During the term of the Escrow Agreement, the operations of WikiTechnologies will be directed by Messrs. Garibaldi and DeFeudis. If during the twelve-month period commencing July 1, 2013, (the “Earn-Out Period”), WikiTechnologies achieves revenues of $4.2 million, a gross profit percentage of 25% and breaks even (the Benchmarks), the Garibaldi Shares and DeFeudis Shares will be returned to Messrs. Garibaldi and DeFeudis and the WikiTechnologies Shares will be returned to us. If the Benchmarks are not met during the Earn-Out Period, at our option, the Garibaldi Shares and DeFeudis Shares will be cancelled and returned to treasury, and the WikiTechnologies Escrow Shares will be delivered to Messrs. DeFeudis and Garibaldi, and we will no longer own WikiTechnologies. Further, if, at any point during the Earn-Out Period, the Company sells WikiTechnologies, merges WikiTechnologies with another entity, disposes of the assets of WikiTechnologies, or takes any other action to compromise the ability of WikiTechnologies to meet the Benchmarks, the Benchmarks will be deemed to have been achieved, and the Garibaldi Shares and DeFeudis Shares will be returned to Messrs. Garibaldi and DeFeudis. Under the terms of the Exchange Agreement, we are under no obligation to take affirmative action(s) to further the objectives of WikiTechnologies, except that we have agreed to seek to raise up to $2,000,000 in a private placement and to allocate one-half of the first $800,000 of net proceeds and the next $200,000 of net proceeds to the business of WikiTechnologies. In addition, the Exchange Agreement provides that at any time during the Earn-Out Period our Board of Directors in its discretion may determine that we will keep WikiTechnologies and cause the Garibaldi Shares and DeFeudis Shares to be delivered to Messrs. Garibaldi and DeFeudis.
 
As a result of the exchange agreement, the reorganization was treated as an acquisition by the accounting acquiree that is being accounted for as a recapitalization and as a reverse merger by the legal acquirer for accounting purposes.
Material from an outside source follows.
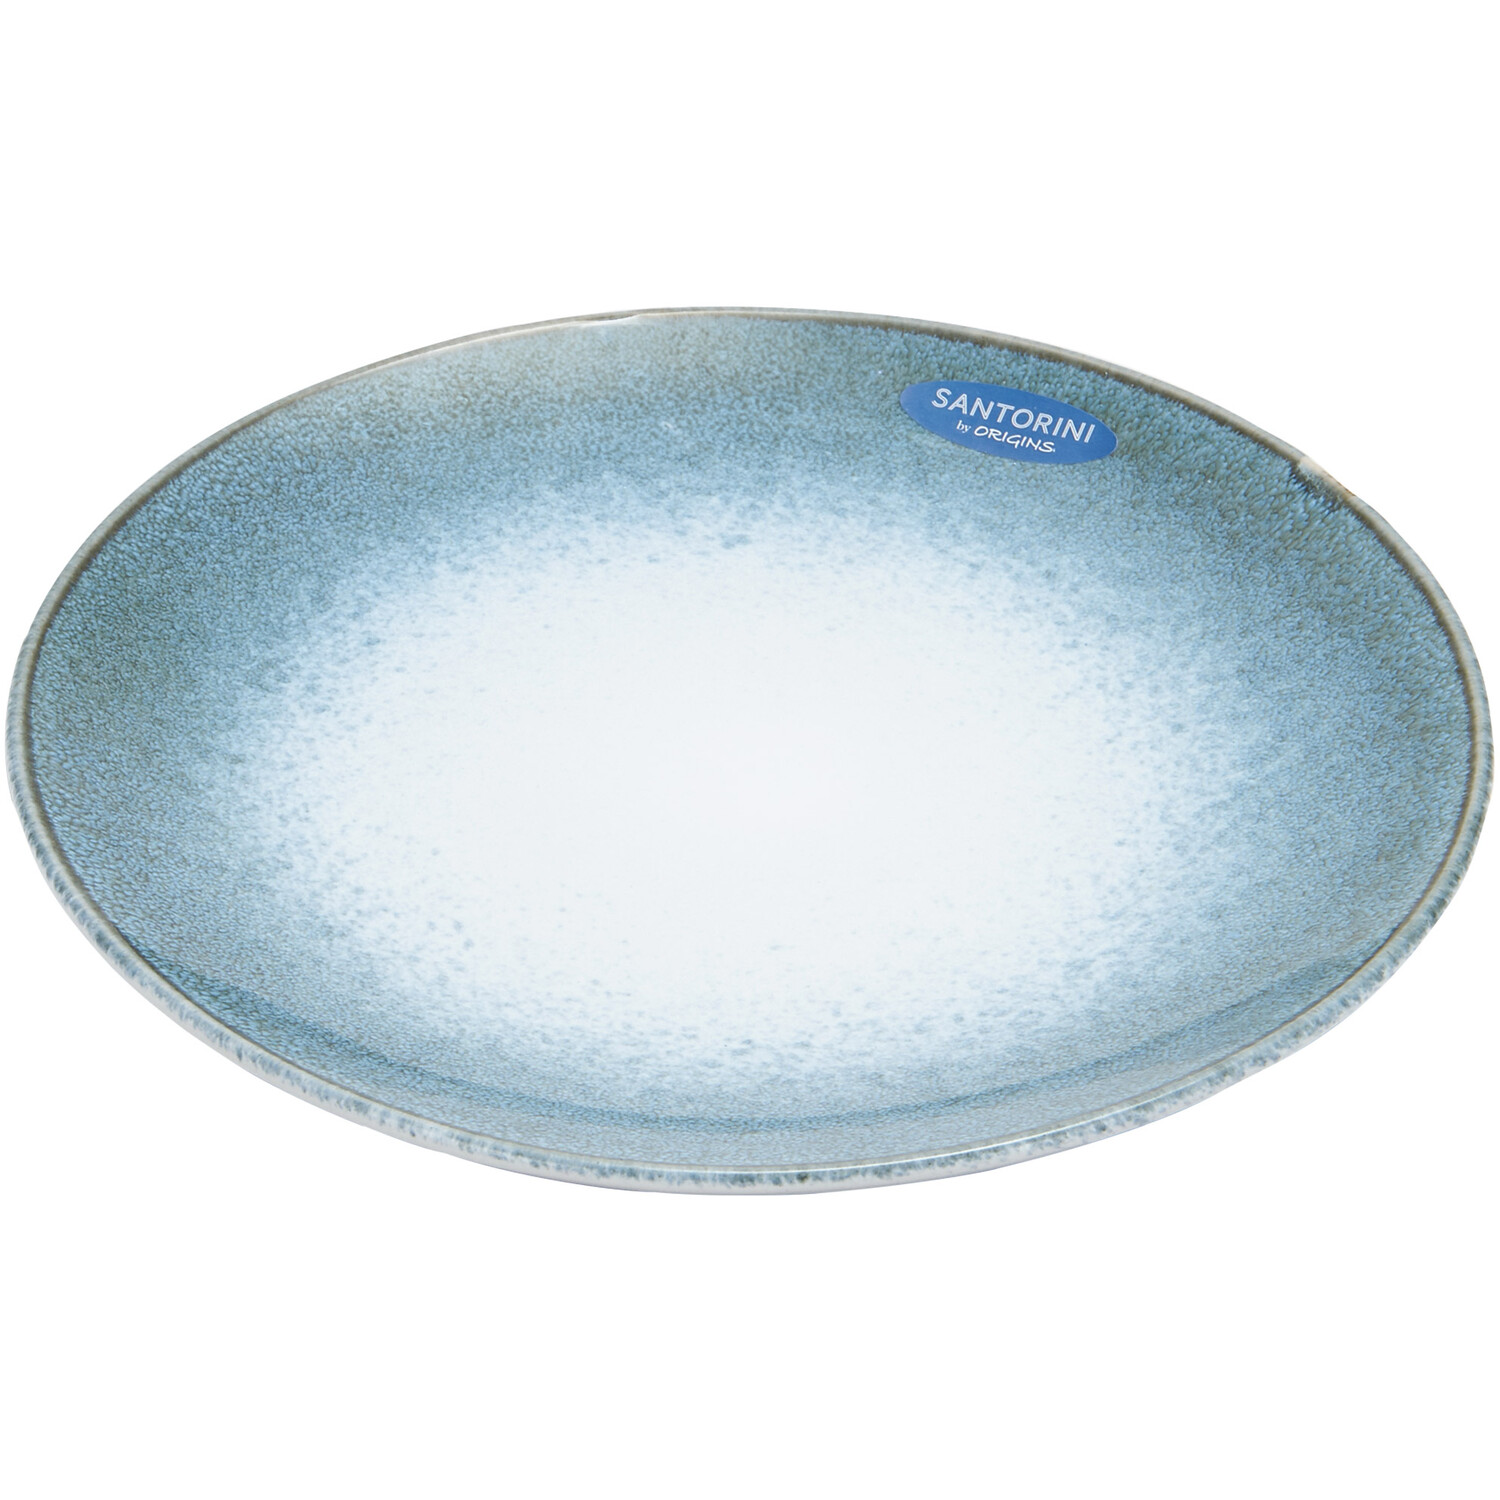 12-Piece Santorini Reactive Glaze Dinner Set - Blue Image 4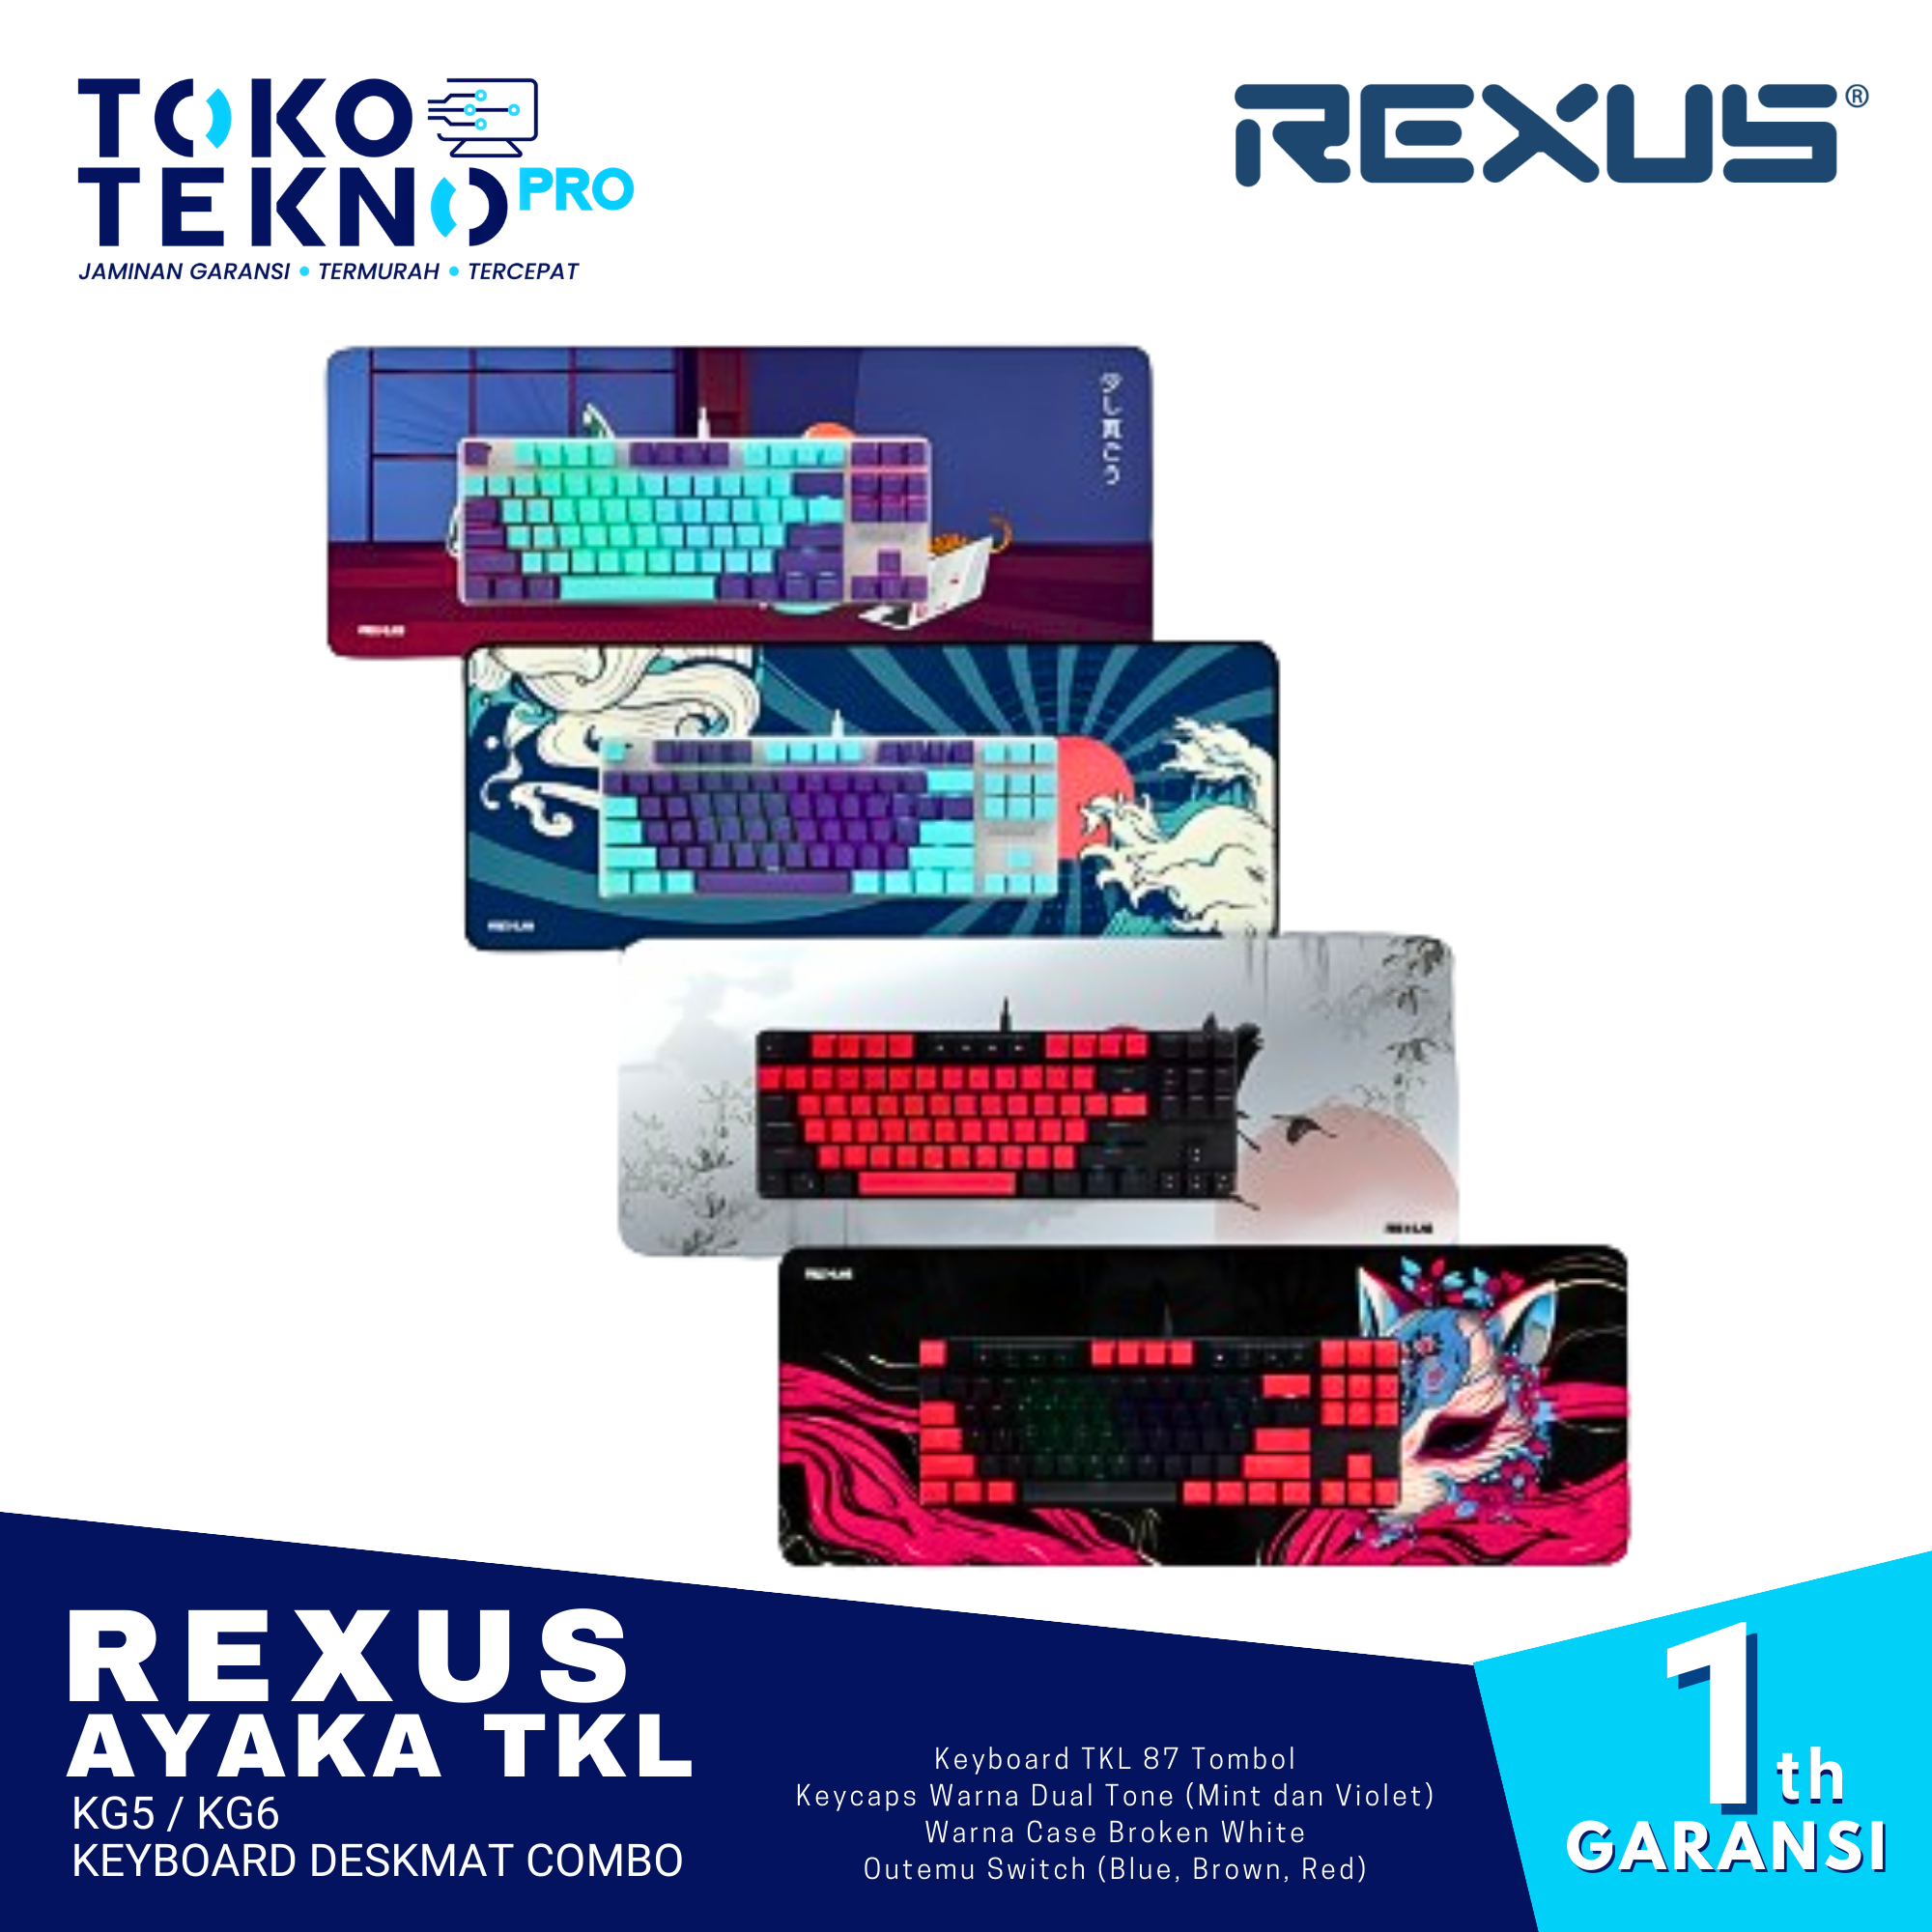 Rexus Ayaka TKL KG5 / KG6 Japanese Theme Keyboard Deskmat Combo Gaming

Pursuant to the recapitalization, all capital stock shares and amounts and per share data have been retroactively restated. Accordingly, the financial statements include the following:
 
(1) The balance sheet consists of the net assets of the accounting acquirer at historical cost and the net assets of the legal acquirer at historical cost.
 
(2) The statements of operations include the operations of the accounting acquirer for the period presented and the operations of the legal acquirer from the date of the merger.